#### [Data block]
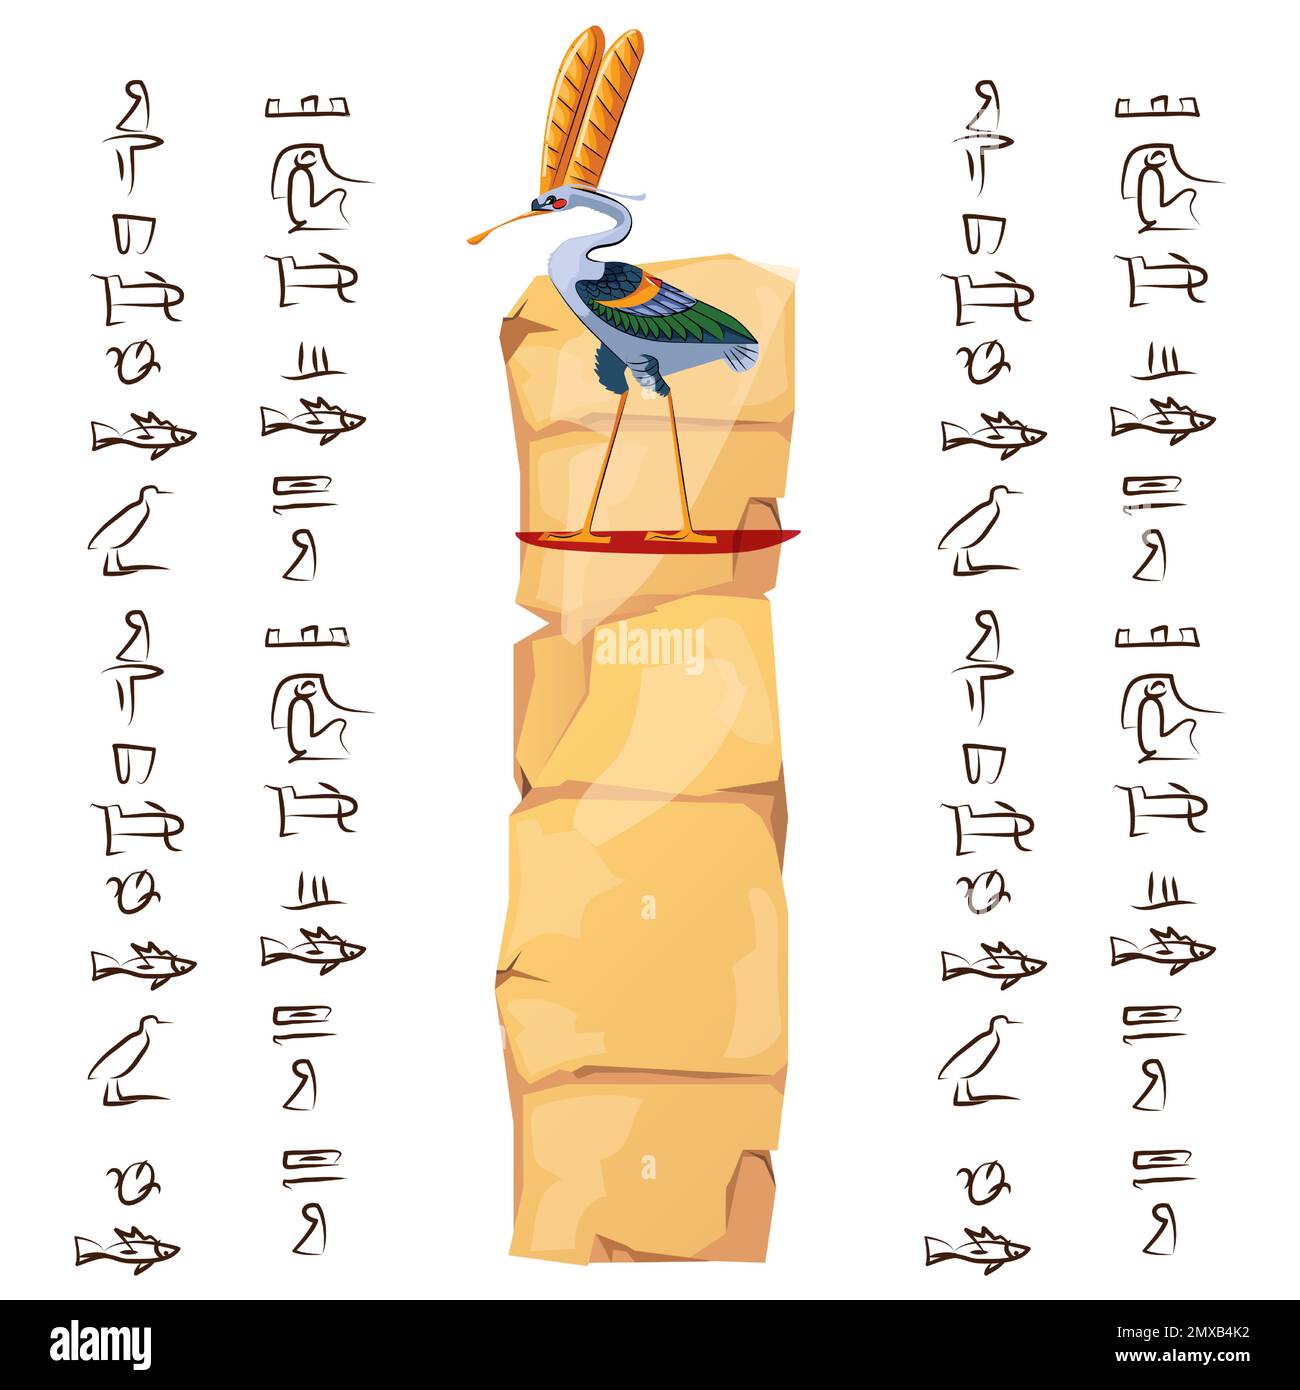 Papyrus-Teil oder Steinsäule aus dem alten Ägypten mit Vektordarstellung der heiligen Vogelfigur. Ägyptisches Kultursymbol, unbeschriftetes, antikes Papier mit Ibis und Hieroglyphen, isoliert auf Weiß Stock Vektor
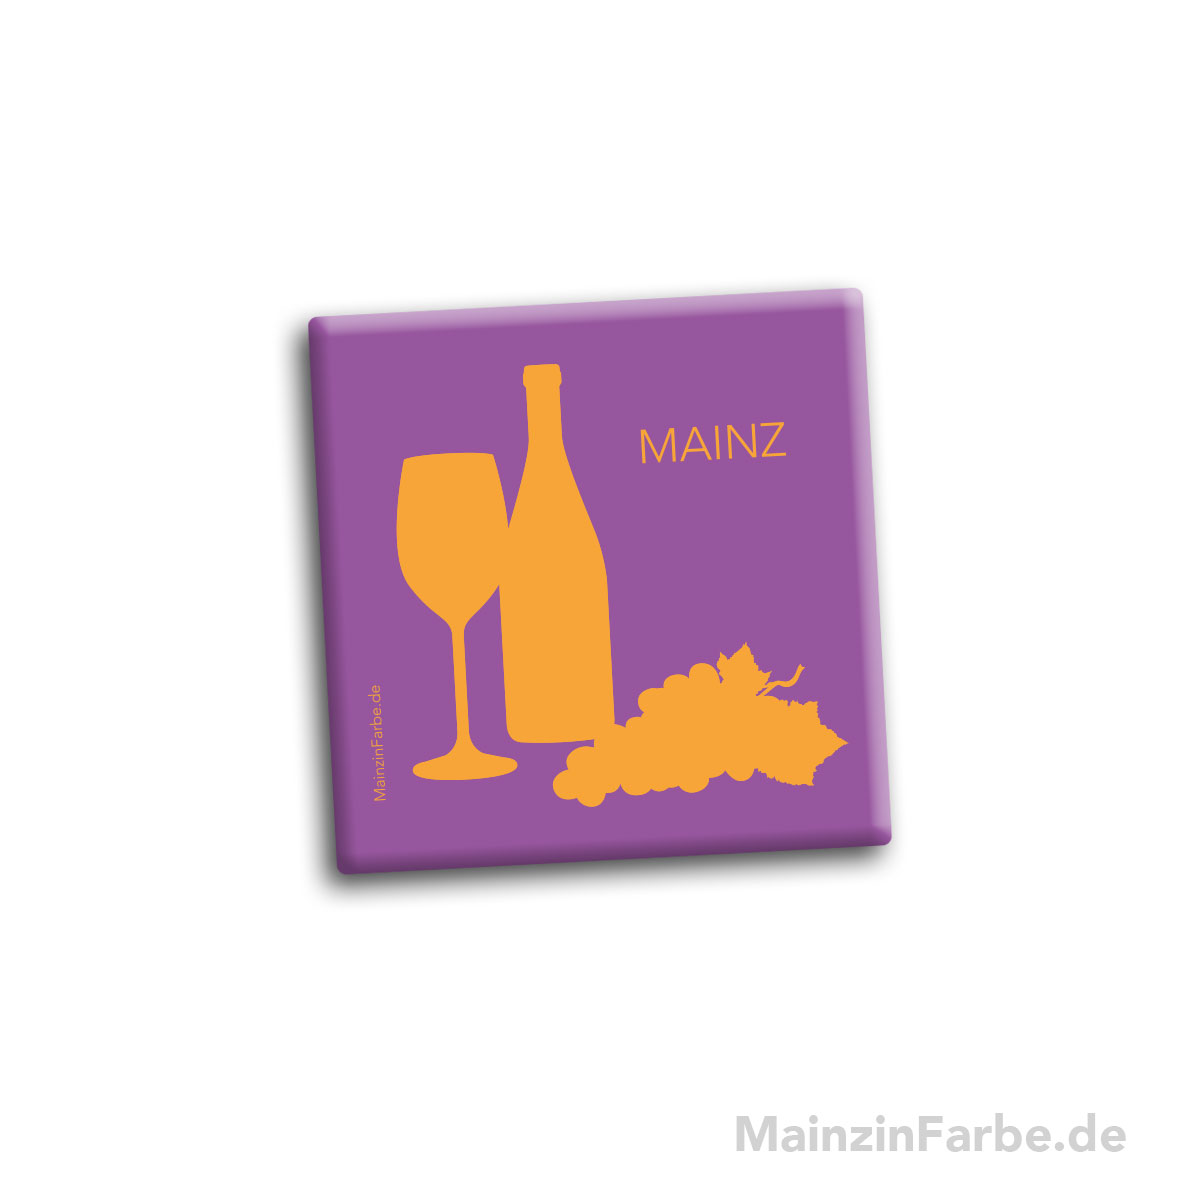 Magnet Kachel bunt, Mainzer Wein, lila-orange
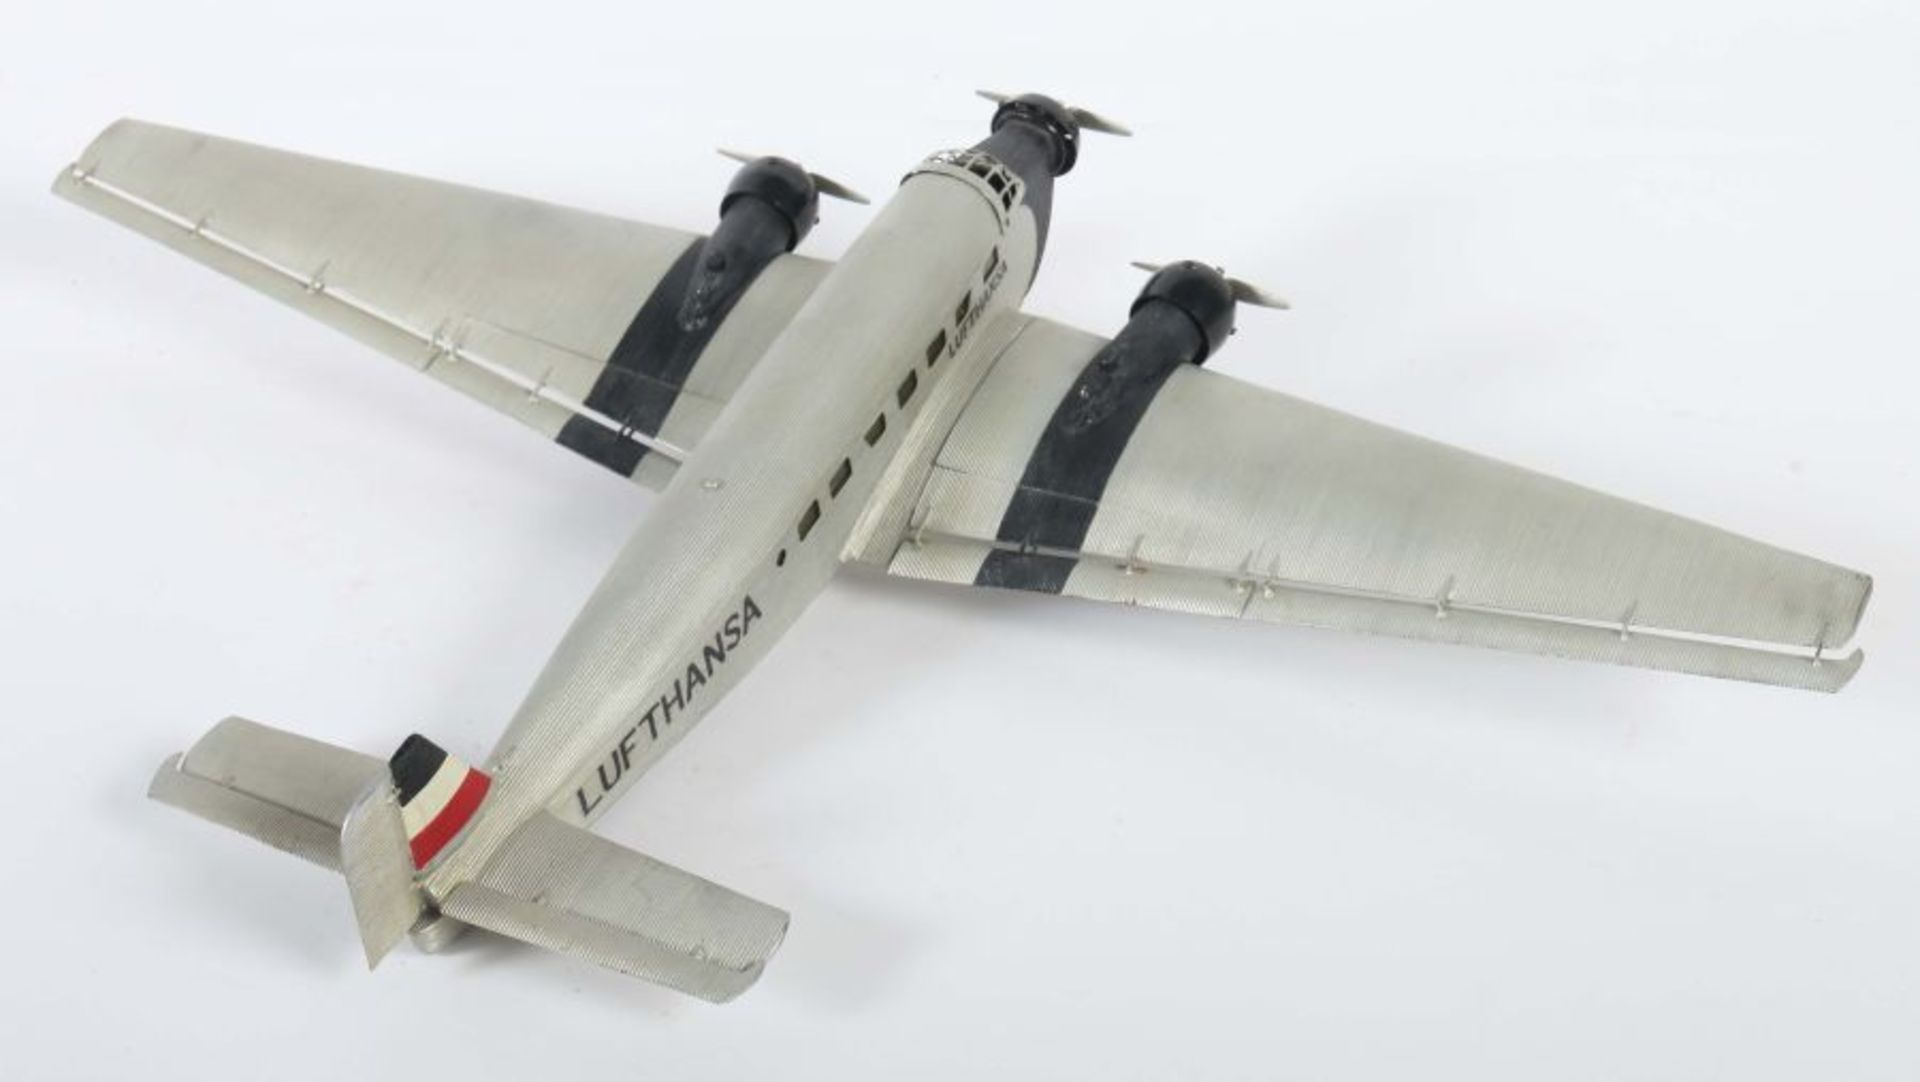 ModellflugzeugMärklin, Junkers "JU 52", histrorisches Reisebüromodell, 3-motorig, Wellblech, - Bild 3 aus 6

#### [Instructions for the task]
Would you return the data above exactly as written, minus the images?

#### [Written reply]
 Papyrus-Teil oder Steinsäule aus dem alten Ägypten mit Vektordarstellung der heiligen Vogelfigur. Ägyptisches Kultursymbol, unbeschriftetes, antikes Papier mit Ibis und Hieroglyphen, isoliert auf Weiß Stock Vektor
 Magnet Kachel bunt, Mainzer Wein, lila-orange
 ModellflugzeugMärklin, Junkers "JU 52", histrorisches Reisebüromodell, 3-motorig, Wellblech, - Bild 3 aus 6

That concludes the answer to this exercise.